### Problem description:
Each line from the one with "Goldenfry - Peppercorn" through the last line below must be written out exactly. Do not copy pictures.
Start of Dataset section
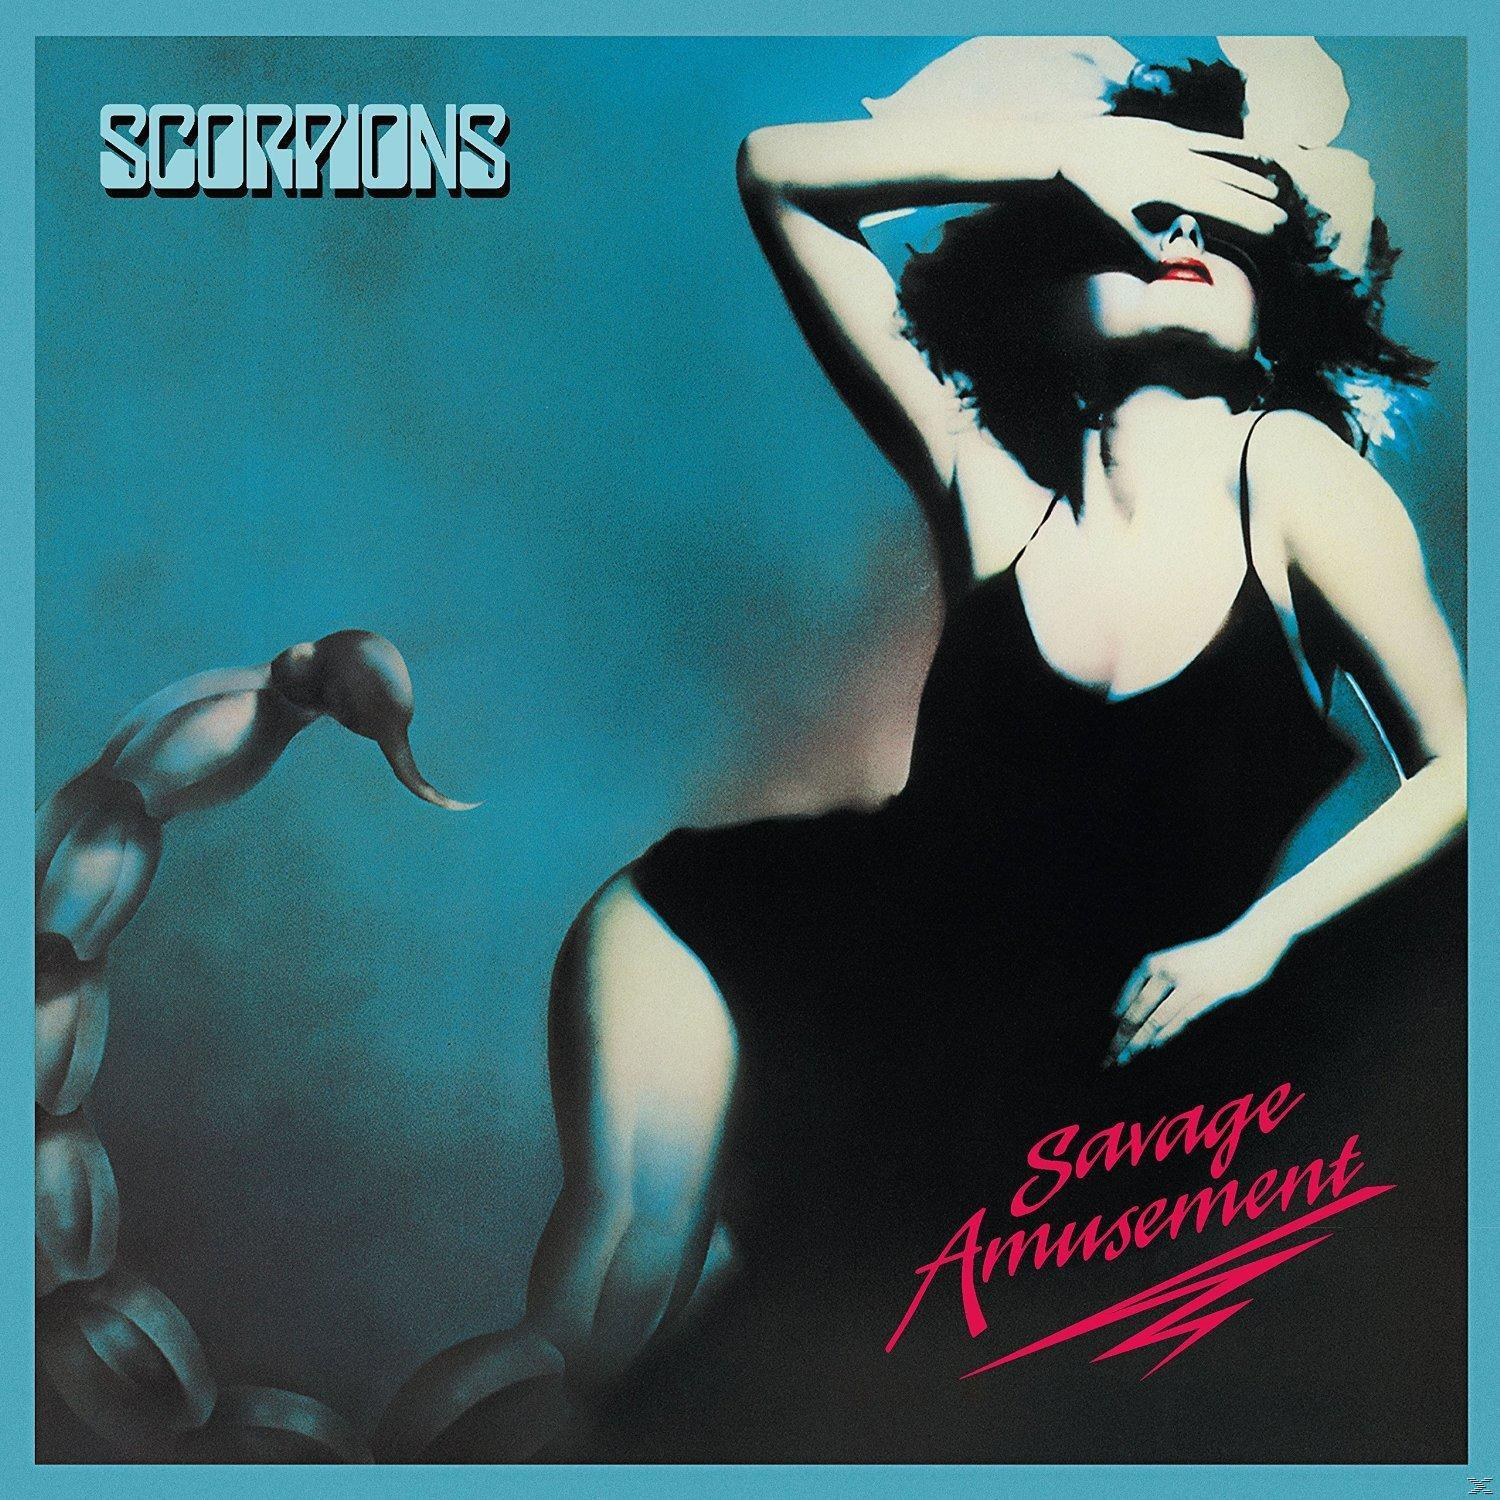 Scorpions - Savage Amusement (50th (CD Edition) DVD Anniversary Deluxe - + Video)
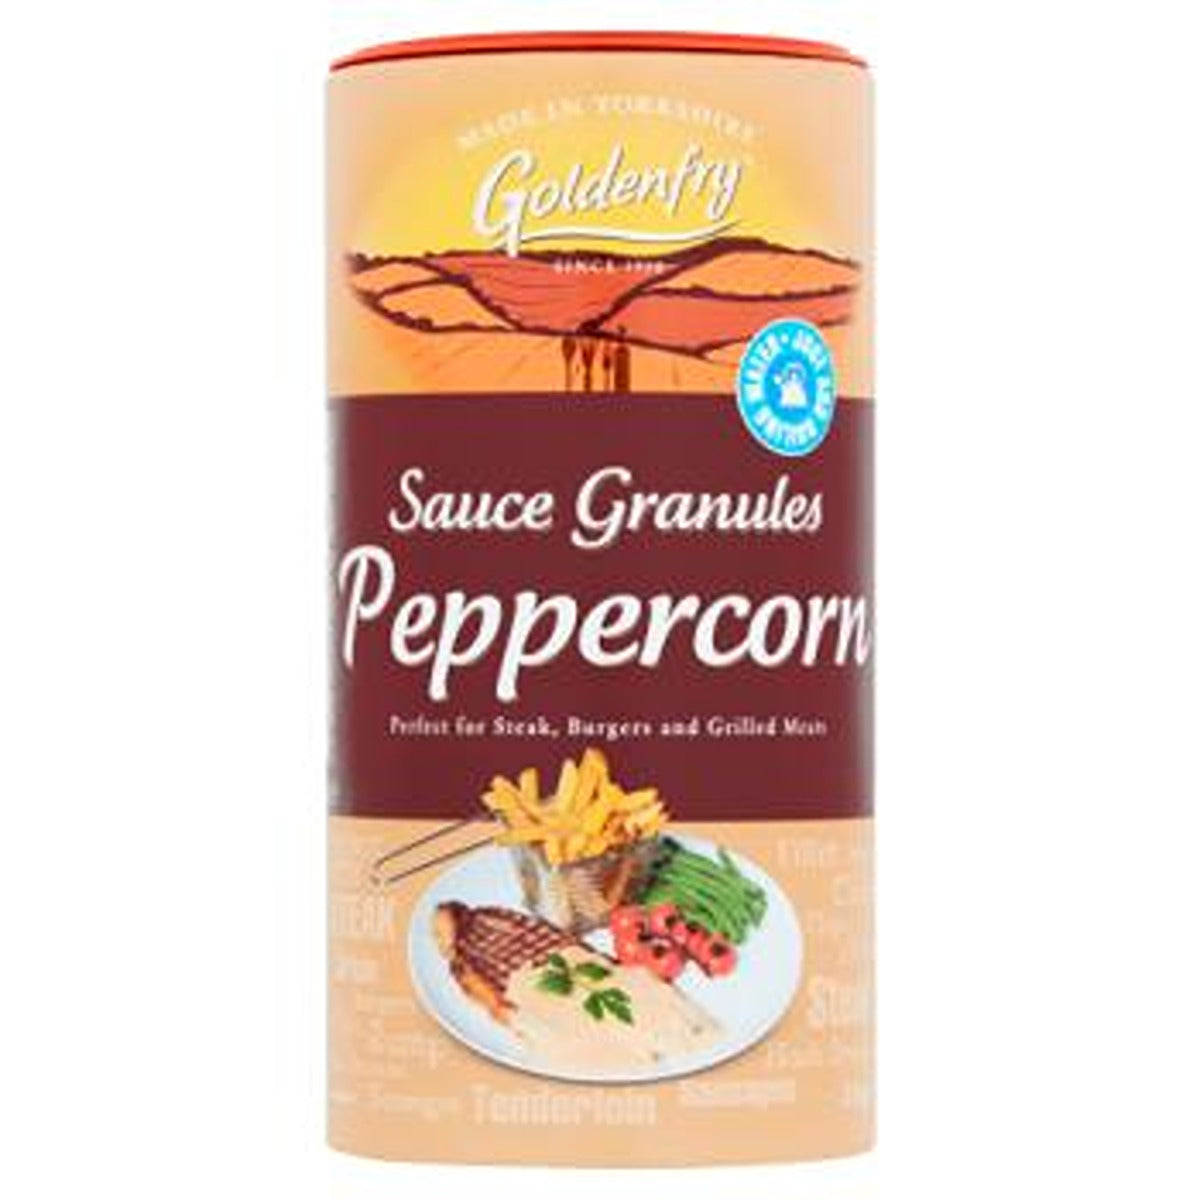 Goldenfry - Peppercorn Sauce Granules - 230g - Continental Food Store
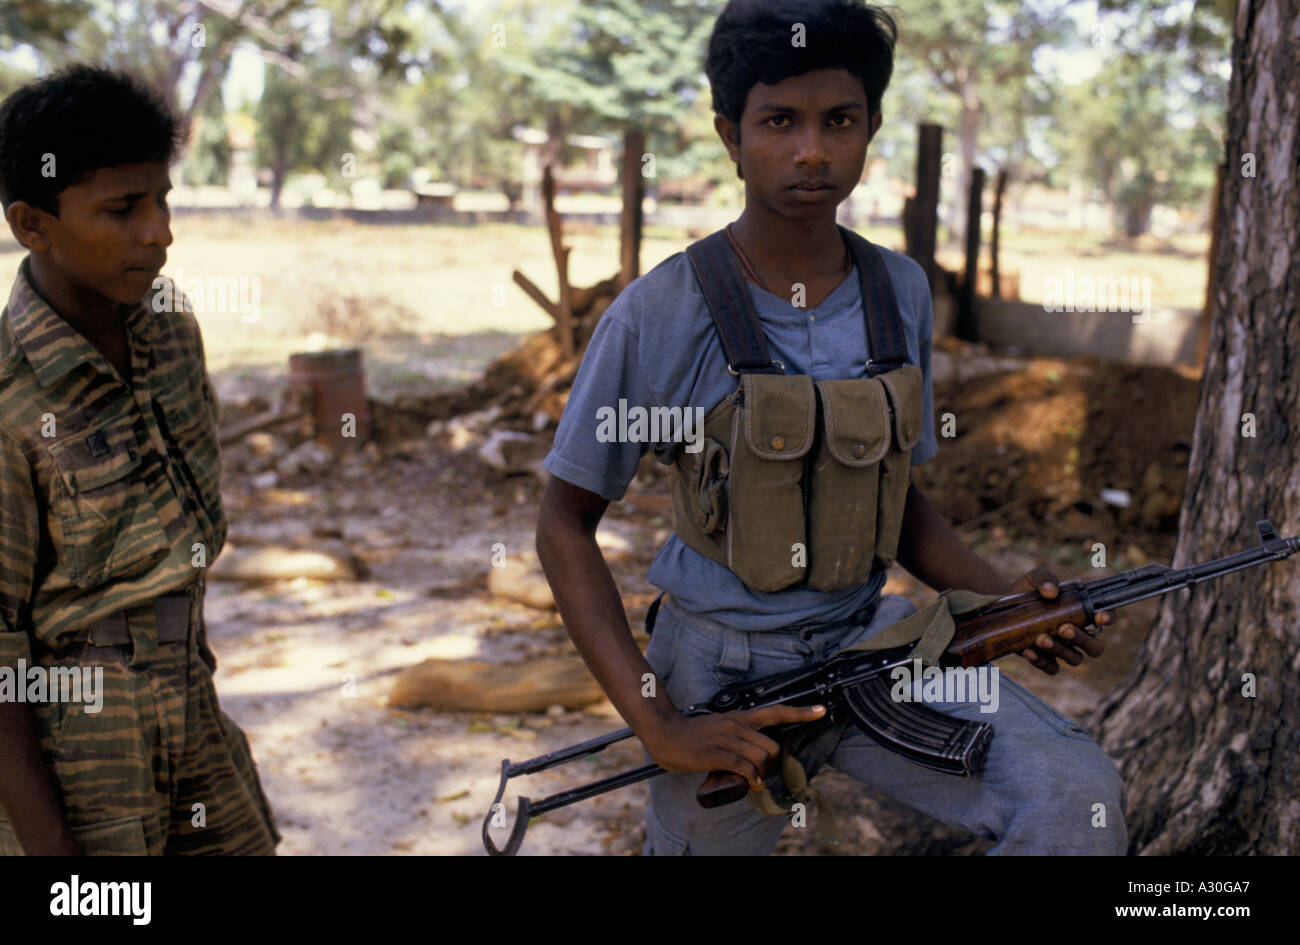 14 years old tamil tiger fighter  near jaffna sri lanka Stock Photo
End of Dataset section
### Answer to the exercise:
 Goldenfry - Peppercorn Sauce Granules - 230g - Continental Food Store
 14 years old tamil tiger fighter  near jaffna sri lanka Stock Photo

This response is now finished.